The U.K. study included 10 children with a confirmed diagnosis of ADA-SCID who were younger than age 5 years (or up to age 15 years if they had preserved thymic function) and had no matched, related donor for an SCT. Another 10 children received the gene therapy through a compassionate-use program. All got the fresh formulation of the gene therapy. Median age was 11.6 months (range 4 to 193 months).
The novel gene therapy was manufactured from the patient's own bone marrow or blood, followed by nonmyeloablative weight-adjusted busulfan conditioning after stem cell harvest. Pegylated ADA enzyme-replacement therapy was discontinued 30 days after treatment.
While all of the patients had adverse events (AEs), most were mild or moderate and considered related to conditioning.
Through 24 months of follow-up in the U.S. studies, grade 3 or 4 leukopenia and neutropenia led to the withdrawal of one patient who didn't have sustained engraftment. Serious AEs occurred in 12 patients, most frequently infections (27%) and gastrointestinal events (17%). The only one considered treatment related was a case of staphylococcal bacteremia due to contamination of the fresh product that resolved with antibiotics.
In the U.K. study, there was a case of serious case of staphylococcus in the harvested cells. That patient was clinically stable after getting IV antibiotics immediately after the gene therapy infusion. Overall, 55% of the U.K. patients had a serious AE, most commonly fever.
Gottschalk suggested that this incidence was unfortunate but not unexpected for this type of gene therapy.

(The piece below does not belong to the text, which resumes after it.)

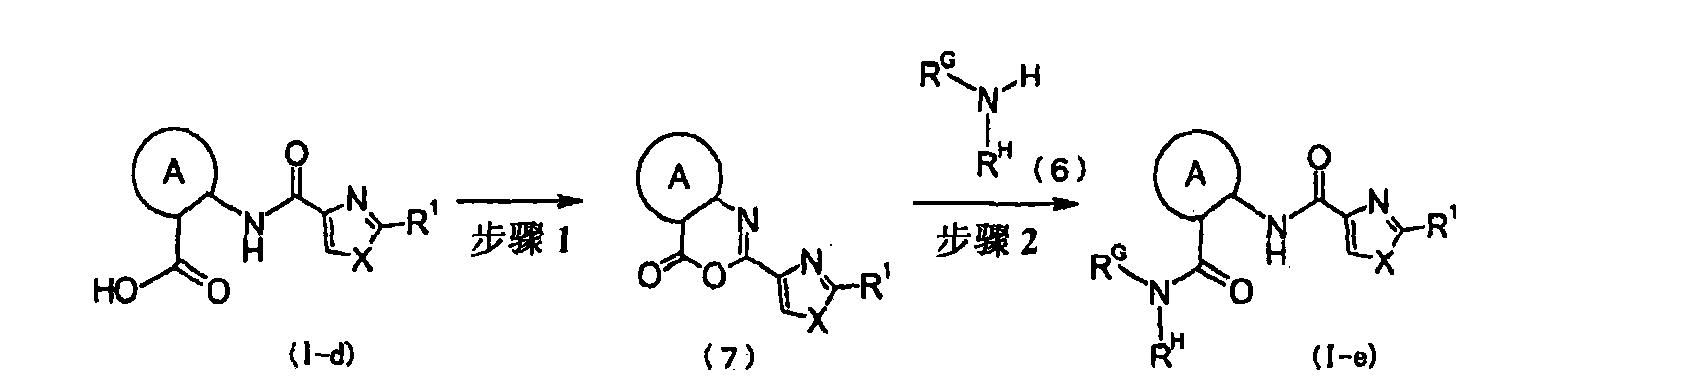 Figure CN101835764BD00202

Two patients in the U.S. studies and two patients in the U.K. study had serious AEs of immune reconstitution inflammatory syndrome (commonly with rash, fever, and elevated inflammatory markers), but these resolved with supportive glucocorticoids and weren't deemed related to the treatment.
Severe infection rates were "generally low" across the full post-treatment period in all the studies, the researchers noted.

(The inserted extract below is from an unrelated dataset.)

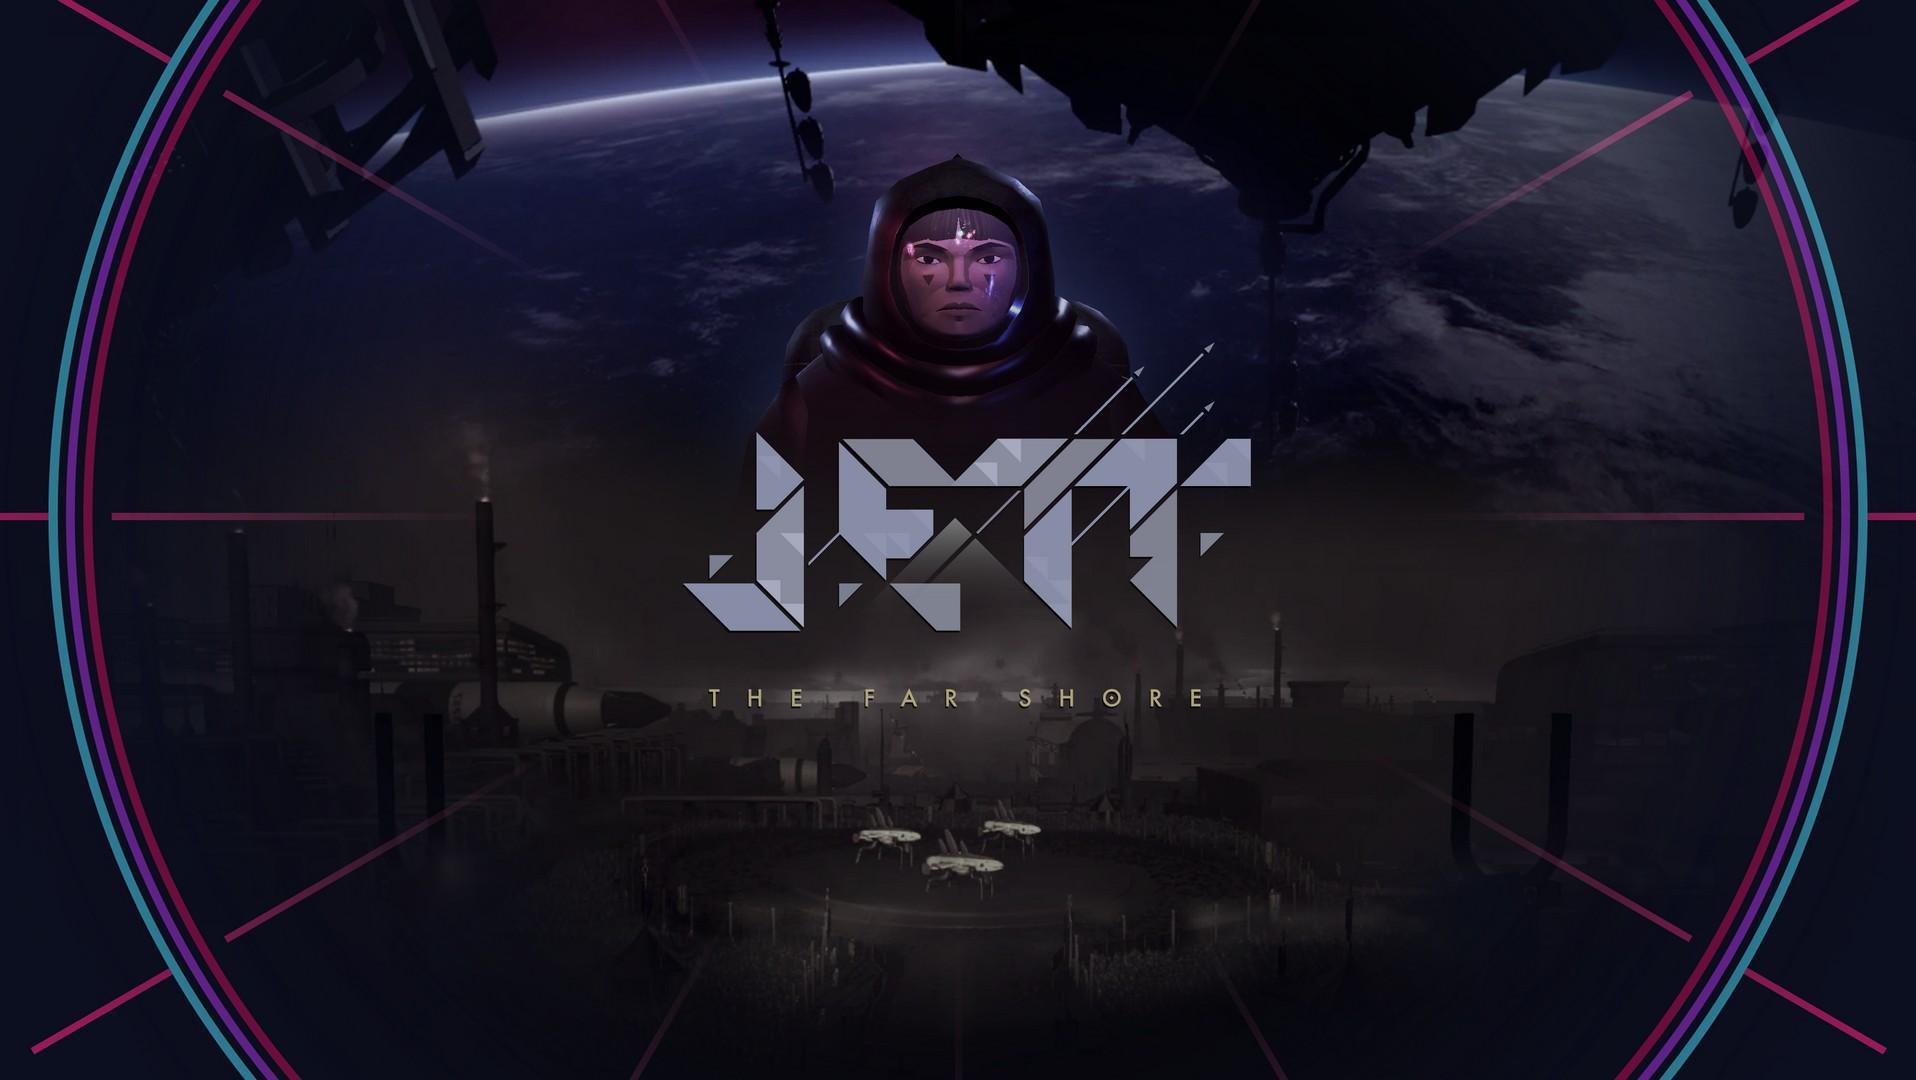 Jett The Far Shore Key Art

This novel gene therapy "may be a robust and viable treatment option for patients with ADA-SCID, including older children for whom current treatments are not always suitable or effective and who may have reduced or absent thymic function," they concluded.

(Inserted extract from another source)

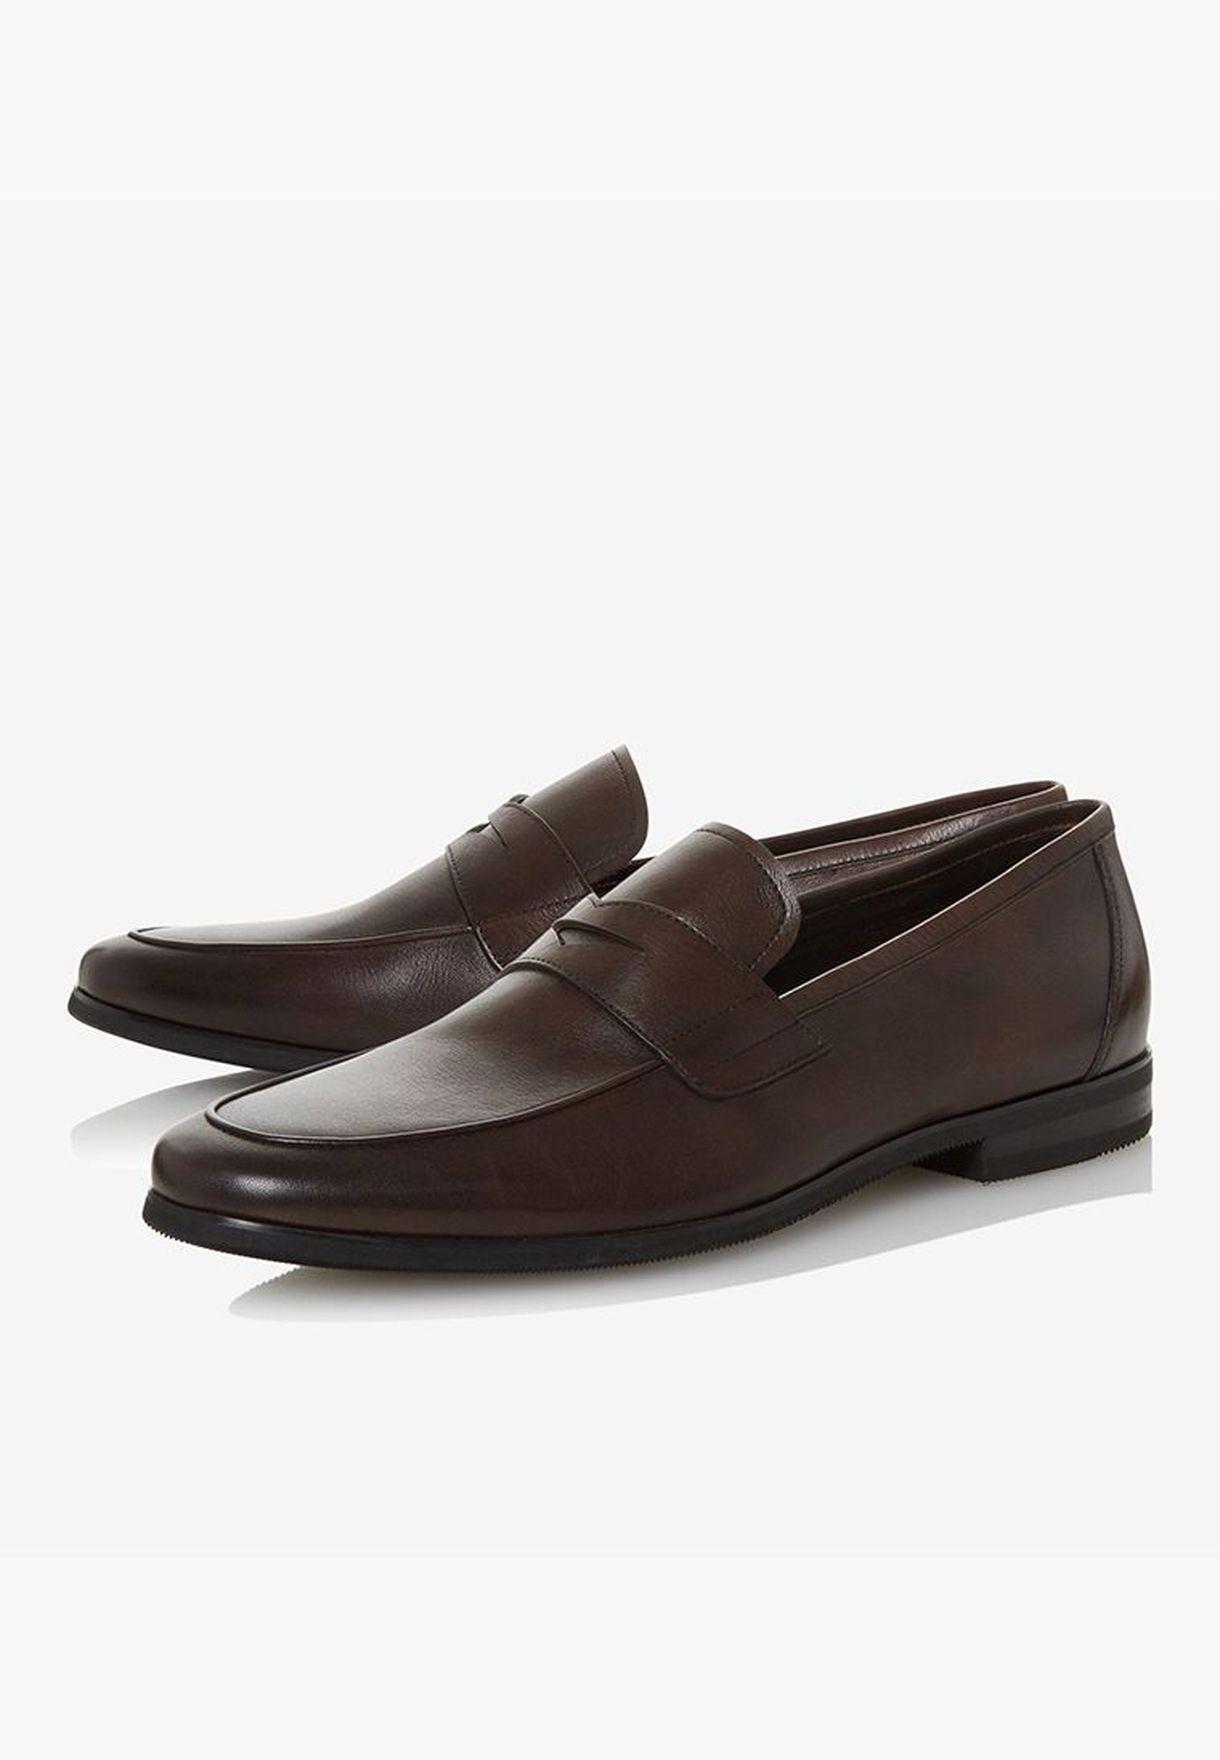 Solid Formal Slip-ons - Brown

The researchers noted that there may be advantages to gene therapy like this over the standard approach of allogeneic transplant, for which 80% of patients can't find donors and those who do run the risk of graft-versus-host disease. Gene therapy also requires less conditioning, reducing toxicity, and allows patients to continue protective enzyme replacement therapy while the immune system reconstitutes.
Success in ADA-SCID, which is diagnosed in perhaps only 10 U.S. patients a year, has broader implications, Gottschalk suggested. It is proof of concept as one of the first examples of a monogenic condition that can be safely fixed with gene therapy, hopefully paving the way for success in more common conditions like sickle cell disease, where trials started later and are ongoing, he said.
Disclosures
The study was supported by Orchard Therapeutics, the NIH, the National Human Genome Research Institute intramural program, NIAID, the National Gene Vector Biorepository, the California Institute for Regenerative Medicine, the Medical Research Council, and the National Institute for Health Research Biomedical Research Centre at the Great Ormond Street Hospital for Children NHS Foundation Trust and University College London.
Kohn disclosed relevant relationships with Orchard Therapeutics and Allogene Therapeutics.
Rivella disclosed consulting for MeiraGTx.
Gottchalk disclosed an institutional relationship with Mustang Bio.
Primary Source
New England Journal of Medicine
Kohn DB, et al "Autologous ex vivo lentiviral gene therapy for adenosine deaminase deficiency" N Engl J Med 2021; DOI: 10.1056/NEJMoa2027675.